What This Means When You Are Picking Models

If you are deciding between a closed frontier model and an open or regional one, the right move is not to memorize a single “months behind” number. It is to decide which axes of the gap vector actually matter for your situation.

  • If you care most about frontier math, safety margins, or bleeding-edge agent behavior, you probably want the strongest closed model you can afford, even if the GPQA chart says the gap looks small.
  • If you care most about cost per workflow, data privacy, or running close to the user on local hardware, an open or China-adjacent model that is “behind” on a saturated benchmark may still be the dominant choice.
  • If you are building agents, think about tools and routing first. A slightly weaker base model with better tool-use, better planning, and saner pricing can beat a nominally stronger model in overall throughput. That is the whole reason I built my own orchestration stack and wrote pieces like When Does a Chatbot Become an Agent? Chat Interface vs AI Autonomy and AI Dashboard Update: A Central Hub for Artificial Analysis, OpenRouter, fal and More.

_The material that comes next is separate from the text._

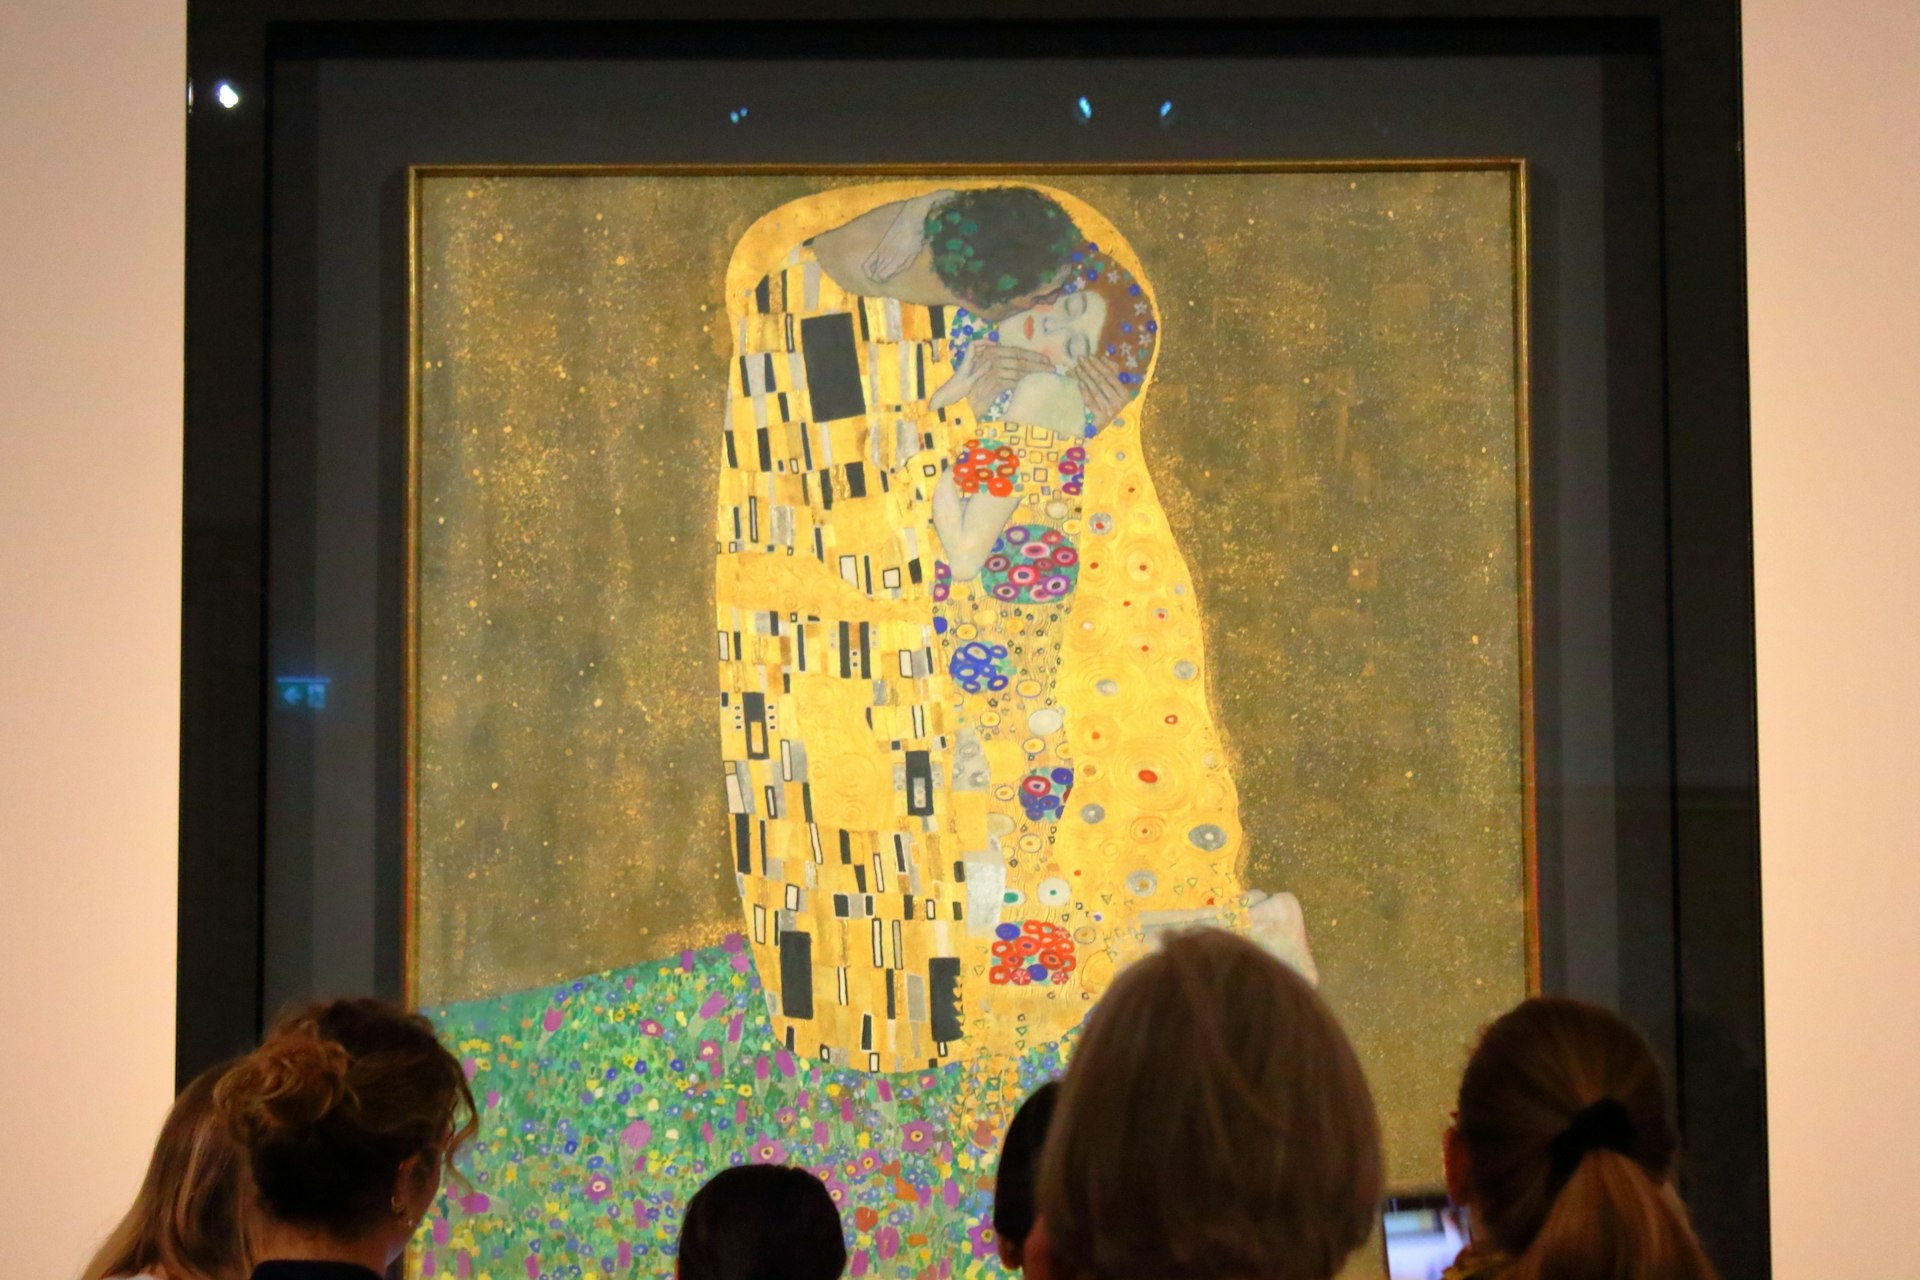 ”The Kiss” by Gustav Klimt at the Belvedere Museum, Vienna, Austria

Benchmarks are still useful as rough filters. Just do not turn them into numerology about “the” gap.

The neat “open is only 7 months behind” narrative is mainly a story about how those particular tests behave near their ceiling. Once you look at harder evals like Frontier Math, actual adoption, and full workflows instead of single numbers, the picture is much messier.

And that is the real point: the AI gap is not one number on a chart. It is a moving vector. Any argument that fits inside two regression lines and a “7 months” label is mostly telling you about the benchmark, not the models.